There is an easy, almost lazy comparison to make between Humanotone and progressive/psychedelic deities Elder, and since the Durflings are sick and my sleep schedule is off and this is my first blog back after an extended hiatus, I will make that comparison.  Humanotone sounds like Elder, so much so that if you swapped Jorge Cist out with Elder's Nick DiSalvo, you might find yourself thinking there was a new Elder album out.  Except Cist is the sole member of Humanotone, so if you swapped him out with DiSalvo, you'd only have vocals and a guitar.  A Flourishing Fall in a Grain of Sand is pretty incredible, five long-form sonic journeys that combine the flowing, constructed aimlessness of psychedelic jam bands with thick, crunchy riffs that wouldn't feel out of place on a High on Fire record.  As far as random bandcamp finds go, it don't get much better than this, and I imagine this album is going to quickly become one of my warm weather soundtracks this year.  A Flourishing Fall in a Grain of Sand is out now via Massive Void Recordings.
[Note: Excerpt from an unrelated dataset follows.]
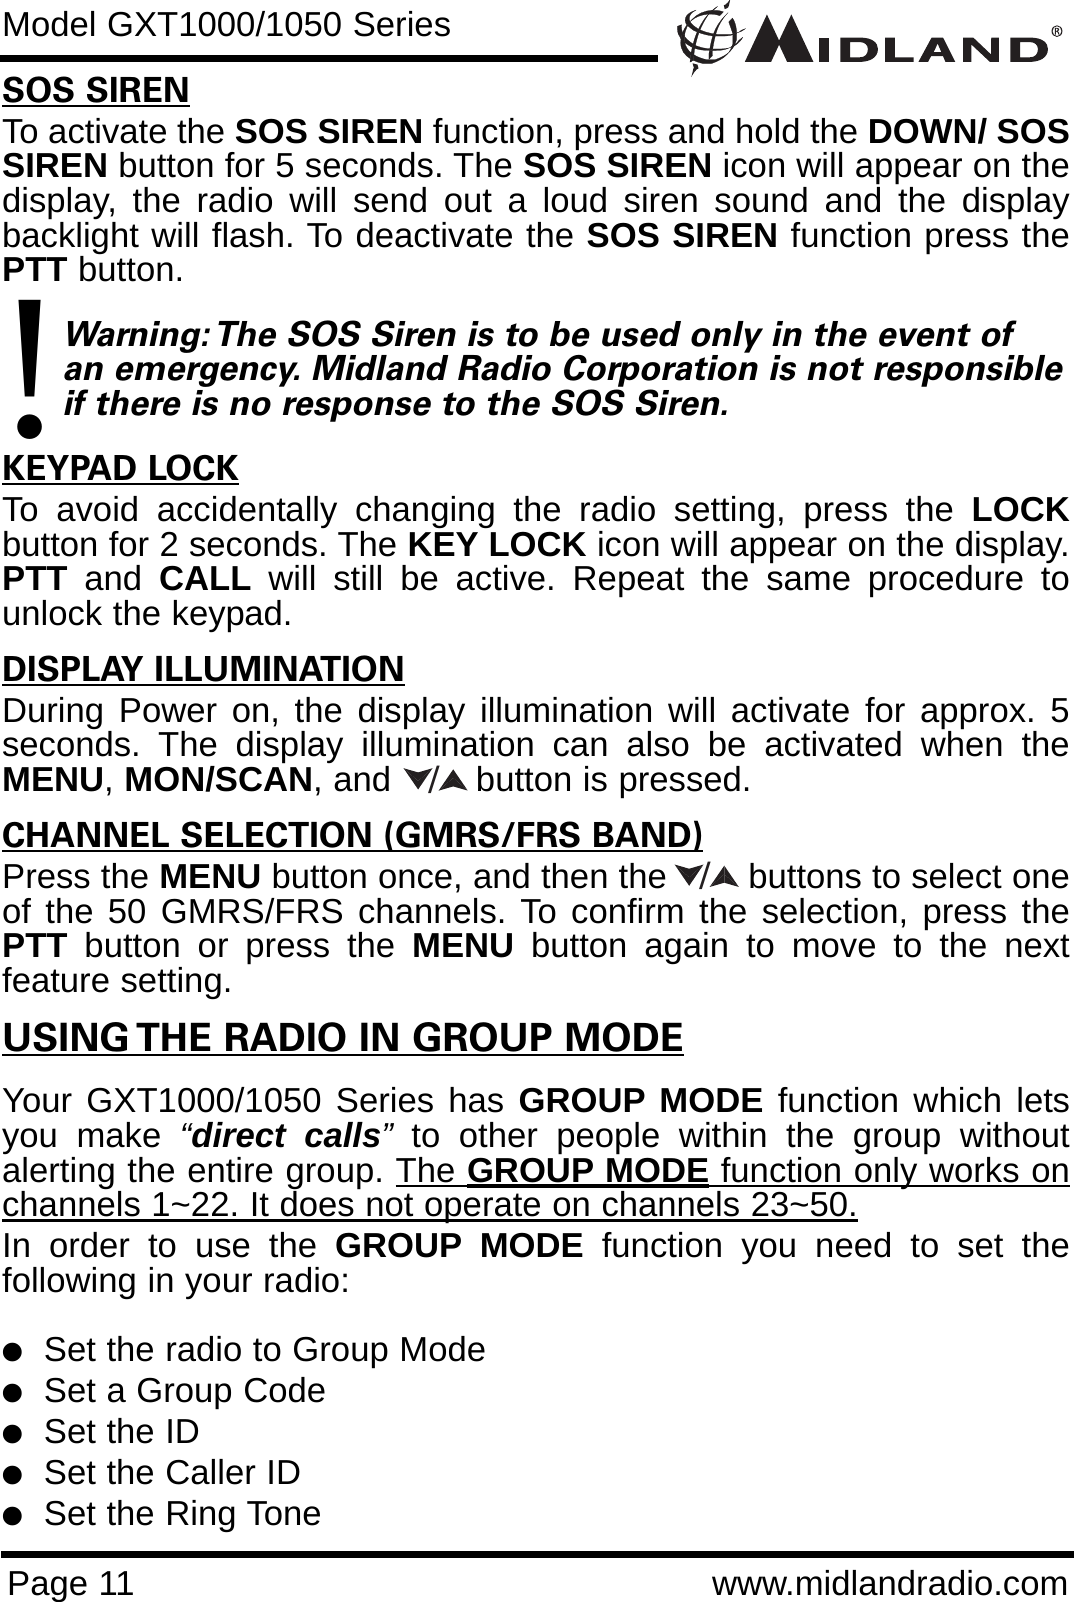 Page 11 www.midlandradio.comSOS SIRENTo activate the SOS SIREN function, press and hold the DOWN/ SOSSIREN button for 5 seconds. The SOS SIREN icon will appear on thedisplay, the radio will send out a loud siren sound and the displaybacklight will flash. To deactivate the SOS SIREN function press thePTT button.    Warning: The SOS Siren is to be used only in the event of an emergency. Midland Radio Corporation is not responsibleif there is no response to the SOS Siren.KEYPAD LOCKTo avoid accidentally changing the radio setting, press the LOCKbutton for 2 seconds. The KEY LOCK icon will appear on the display.PTT and  CALL will still be active. Repeat the same procedure tounlock the keypad.                                                                           DISPLAY ILLUMINATIONDuring Power on, the display illumination will activate for approx. 5seconds. The display illumination can also be activated when theMENU,MON/SCAN, and button is pressed.CHANNEL SELECTION (GMRS/FRS BAND)Press the MENU button once, and then the        buttons to select oneof the 50 GMRS/FRS channels. To confirm the selection, press thePTT button or press the MENU button again to move to the nextfeature setting.USING THE RADIO IN GROUP MODEYour GXT1000/1050 Series has GROUP MODE function which letsyou make “direct calls”to other people within the group withoutalerting the entire group. The GROUP MODE function only works onchannels 1~22. It does not operate on channels 23~50.In order to use the GROUP MODE function you need to set thefollowing in your radio:lSet the radio to Group ModelSet a Group CodelSet the IDlSet the Caller IDlSet the Ring Tone/Model GXT1000/1050 Series/!

Izthmi - Leaving This World, Leaving It All Behind

Full disclosure, I didn't actually listen to this album today.  The Durfette has been getting into the workout game, and since I worked from 1am to 1pm pouring concrete, missing my normal morning workout, she was nice enough to let me crash her workout.  First off, I may not be hitting the gym hard enough, because the rigamarole her trainer put me through was intense.  One arm dumbbell presses, kevlar ball slams, farmer's carries... I was gassed at the end, and I don't think it was just my lack of sleep from the night before.  All that is to say, it's hard to listen to music while a trainer is giving you instructions, so I worked out music-less.  But you don't come here for no music, so I figured I'd talk about the best album I've heard so far this year.  LTW, LIAB is a tremendous slice of black n' roll, more black metal than rock n' roll, but listen to the opening riff of "The Shadow of Our Disillusionment" and tell me that every rock band in history wouldn't sacrifice their drummer to have written it.  Seriously, the track is embedded below; listen to it and tell me that isn't a certified rock banger.  You can't, because it's unimpeachably true.  And the rest of the album follows suit, just absolute monster riffs emanating from a base of unrelenting black metal fury and passion.  I wasn't keen enough to get smart to Izthmi's last offering, 2020's The Arrows of our Ways (even though Mick tried to help me out there), but I'm paying close attention now.  Leaving This World, Leaving It All Behind is out now on Satanik Royalty Records.

So that's the week!  Thanks for tuning back in; hopefully it won't be so long a break until the next one.  Until then, keep your tunes loud and your lifts heavy!